Василий подрулил к последнему окну перед учительской, прислонился к подоконнику.
– Надо отдохнуть? – спросила Галя.
– Надо кое-кого здесь подождать. Вы торопитесь?
Галя пожала плечами, как бы давая понять, что она человек занятой, но ради него готова отложить работу.
– Я никогда не учился в нормальной школе, – сказал Василий, – большую часть образования я получил в приватной обстановке. Но мне почему-то кажется, что я все здесь знаю.
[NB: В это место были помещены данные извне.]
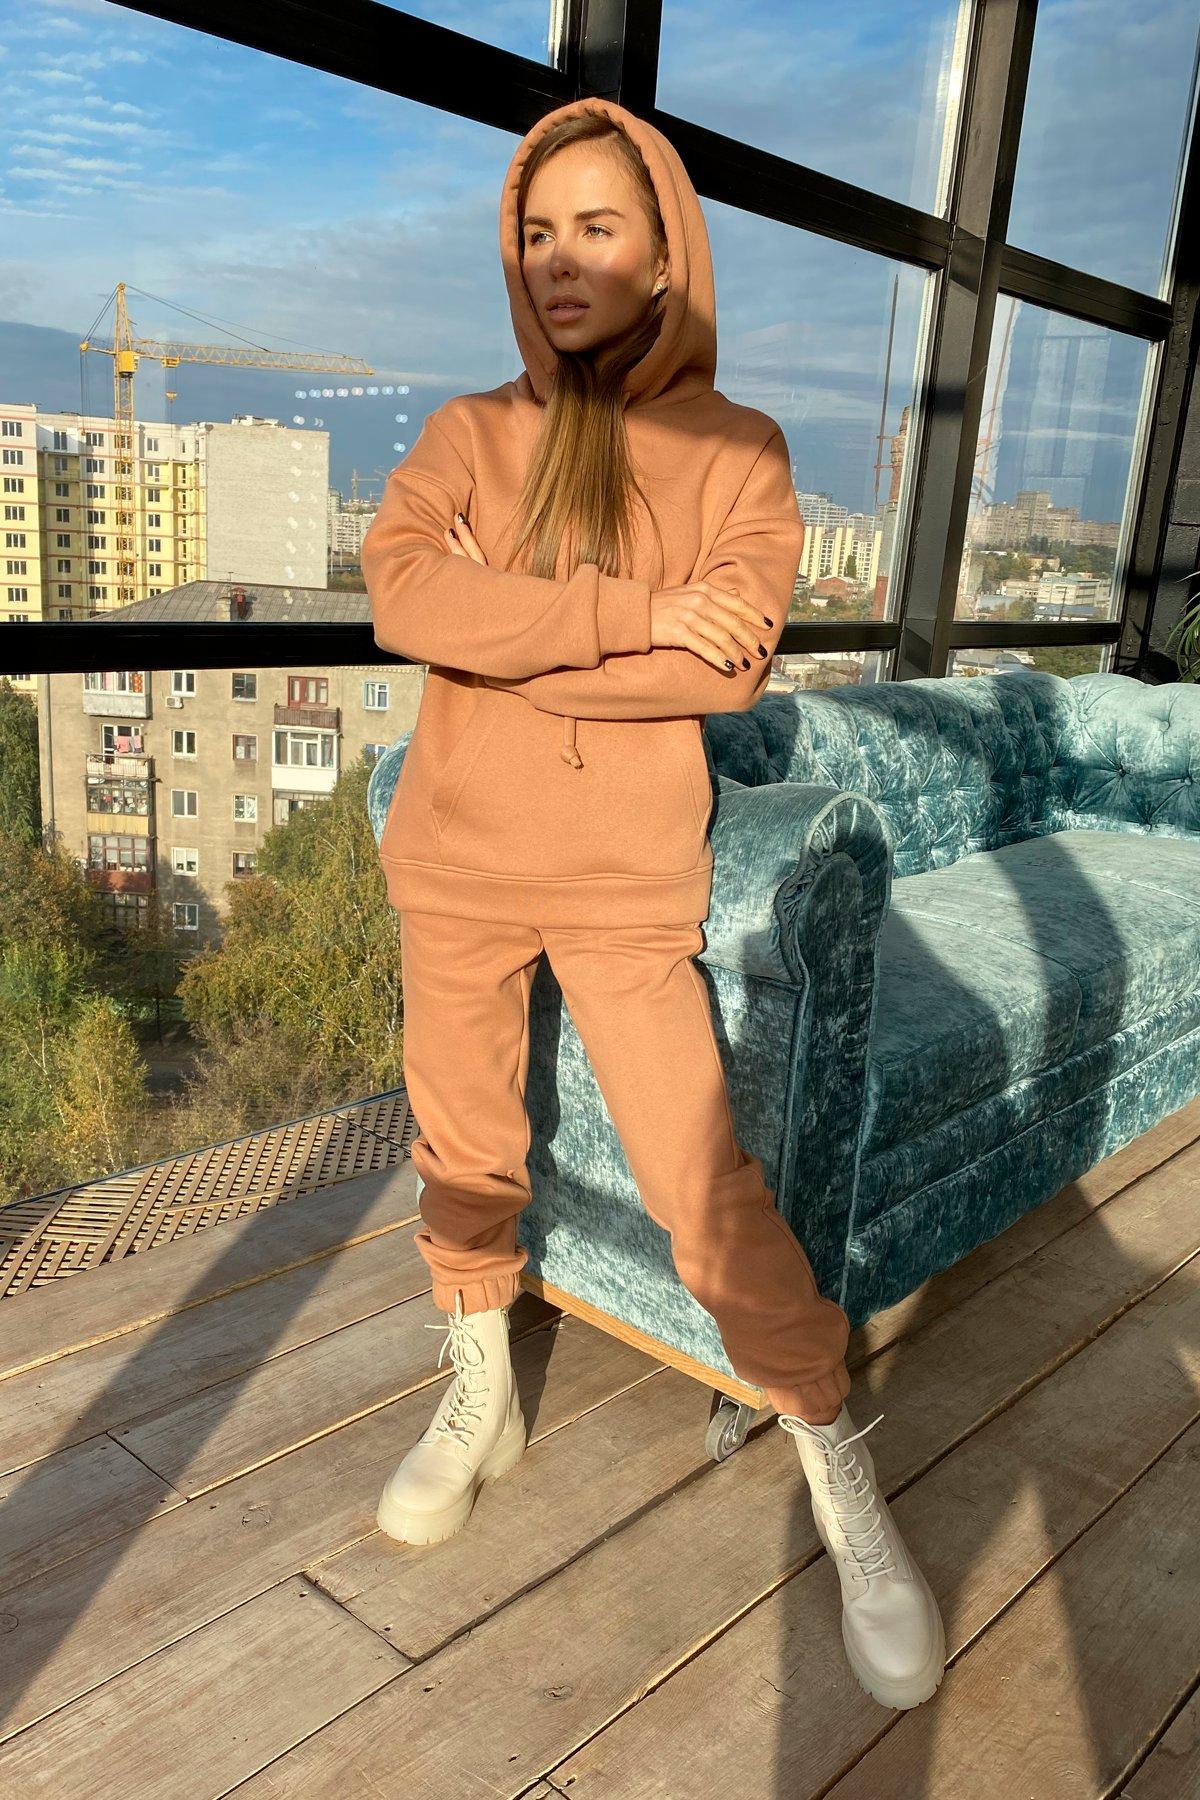 Кул трикотаж 3х нитка с начесом костюм 9981 АРТ. 46266 Цвет: Кемел - фото 3, интернет магазин tm-modus.ru
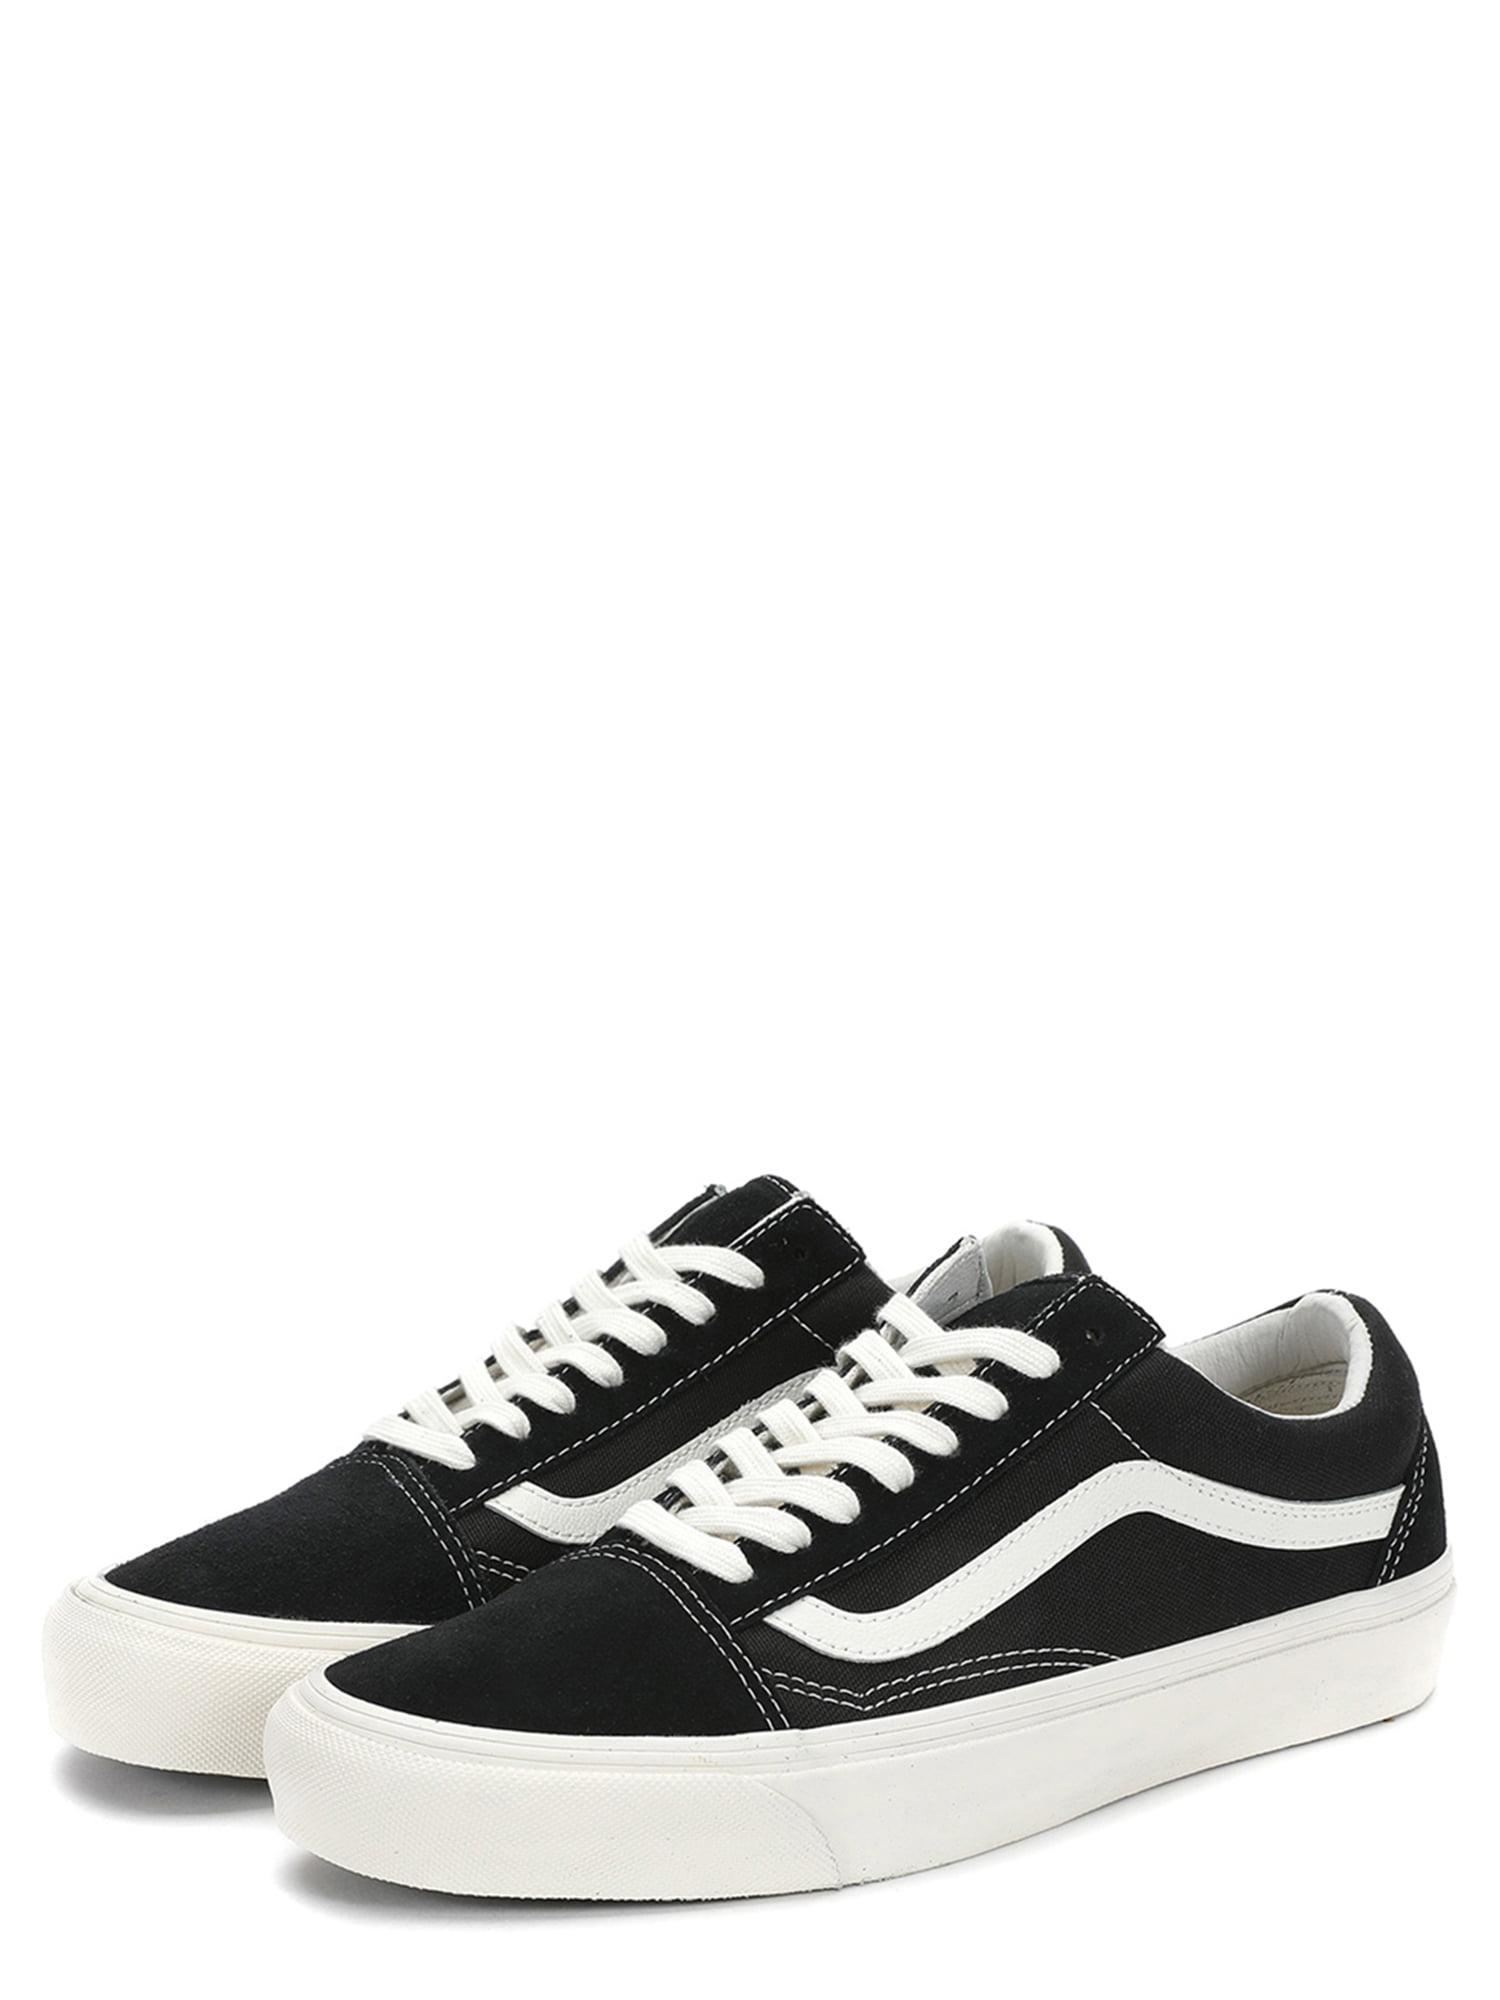 Vans OG Old Skool LX Sneakers VN0A36C8N8K BlackMarshmallow

Вот раздастся звонок, и из классов высыплются дети…
– В ординаторской, в восьмом «А», врачи за партами истории болезней заполняют, как школьники.
«Что же мне ей сказать? – паниковал Василий. – Лёха утверждал, что девушкам надо безостановочно сыпать про то, что они красивые. Прямо так, ни с того ни с сего? А! Погибать, так с музыкой!»
– Галя, вы очень красивая, обаятельная, симпатичная и обворожительная!
– Да-а-а? – кокетливо протянула Галя. – Я вам нравлюсь?
– Очень! – горячо заверил Василий.
Далее ему следовало ковать железо, пока горячо, распушить перья. Но Василий не обладал навыками кузнеца и вместо павлиньего хвоста имел бычий обрубок. Он мысленно поразился тому, что неприкрытая лесть вызвала такой доброжелательный отклик, боялся, что удивление написано на его лице.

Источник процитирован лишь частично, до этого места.